脳卒中再発を防ぐ

禁煙・節酒、食事… 生活習慣改善で脳卒中再発防ぐ

脳の血管が詰まったり急に破れたりする脳卒中は、再発しやすい病気だ。
患者の2人に1人は10年以内に再発する。
なかには何度も起こす人もいる。
下地となる生活習慣や病気を持っているのが主な原因で、初めのときより重い後遺症が出たりする。
専門家は「生活習慣を改善し、処方された薬をのみ続けることで再発の危険性を減らしてほしい」と呼び掛けている。

脳卒中の年間発症者数は推計で約30万人。
亡くなる人は約12万人に上る。
中高年に多い病気で、死因としてはがん、心臓病、肺炎に次ぐ。
脳卒中でのみ込む能力が低下し、肺炎になることもある。
脳卒中の治療法は進化しているが、運良く助かったとしてもまひなどの後遺症が出やすい。
寝たきりなど重度の要介護の約3割を占めるとされる。

脳梗塞が7割
脳卒中は3つに分けられる。
脳の血管が詰まる脳梗塞、細い血管が破れる脳出血、脳の表面を走る大きな動脈にできたこぶが破れるくも膜下出血だ。
このうち、脳梗塞が全体の約7割を占めており、脳出血は約2割、くも膜下出血は約1割だ。

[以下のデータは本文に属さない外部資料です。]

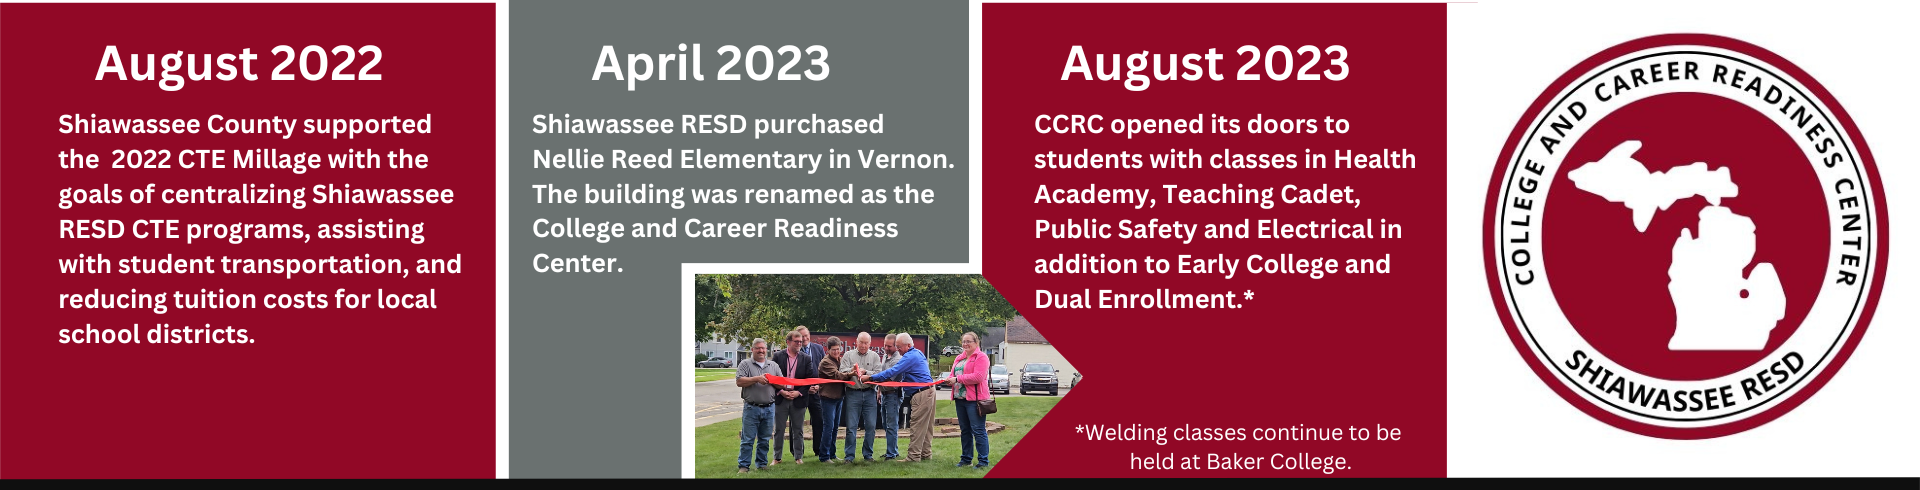 History of College and Career Readiness Center, Funding approved August 22, opens August 2023

3タイプとも再発しやすいが、特に再発率が高いのが脳梗塞で、1年以内でも10人に1人は再発している。再発すると重症化する例も多い。
特に1度目とは反対側に再発が起こると、両側のまひや言葉の障害など重い症状が出る。

脳梗塞の中でもタイプがいくつかあり、心臓にできた血の塊(血栓)が脳の動脈に流れ込んで起こるタイプは、特に重症化しやすい。
高血圧が原因で脳の細い血管が傷ついて起こるタイプは、症状は比較的軽いものの、繰り返すと認知症につながることもある。

一般的な脳梗塞の主な原因は生活習慣による動脈硬化だ。
高血圧や糖尿病、高コレステロール、喫煙が動脈硬化の4大危険因子という。
このほか、加齢や過度なストレスなども発症の危険を押し上げる要因だ。

適度な運動を
そこで、生活習慣の見直しが再発防止に重要になってくる。
まずは食事。塩分や脂肪分の取り過ぎに注意し、野菜や果物をなるべくとるようにする。
肥満の人も規則正しくバランスのとれた食生活を目指せば、カロリー過多にならないようにできるはずだ。

アルコール摂取もほどほどに抑え、こまめに水分をとることを心掛けたい。
また、たばこを吸っている人はすぐやめる。
適度な運動も欠かさないようにする。
ただ、炎天下でゴルフなどをすると、脱水状態になり脳梗塞を起こしやすくなる。
水分補給に気をつけよう。

生活習慣の改善のほかに、下地となる病気の治療、薬物療法、手術も再発防止に有効だ。
脳卒中を発症した人には糖尿病や脂質異常症などを持っている場合が多い。
これらをしっかり治療すれば、脳卒中が再発するリスクを下げられる。

脳卒中薬物療法は、血小板の働きを抑える薬や血液を固まりにくくする薬を飲む。
血栓は血小板が集まってできる。
また心臓にできる血栓は血液中の凝固因子が関係しているからだ。

薬物治療で十分な効果が得られない場合は、血管にステント(細い金網)を入れて広げる手術などを実施する例もある。
定期検査を受けることを忘れないようにしたい。
血圧を制御すれば4割、薬を適切に服用すれば7割近くの再発を防げる。

脳卒中の予防と医療体制充実に向け、基本法を作る動きもある。

脳卒中予防に気を付けていても、残念ながら再発してしまう人はいる。
体の左右どちらかに力が入らない」「しびれる」「ろれつが回らない」など特有の症状が起きたら、一刻も早く病院で治療を受けることが大事だ。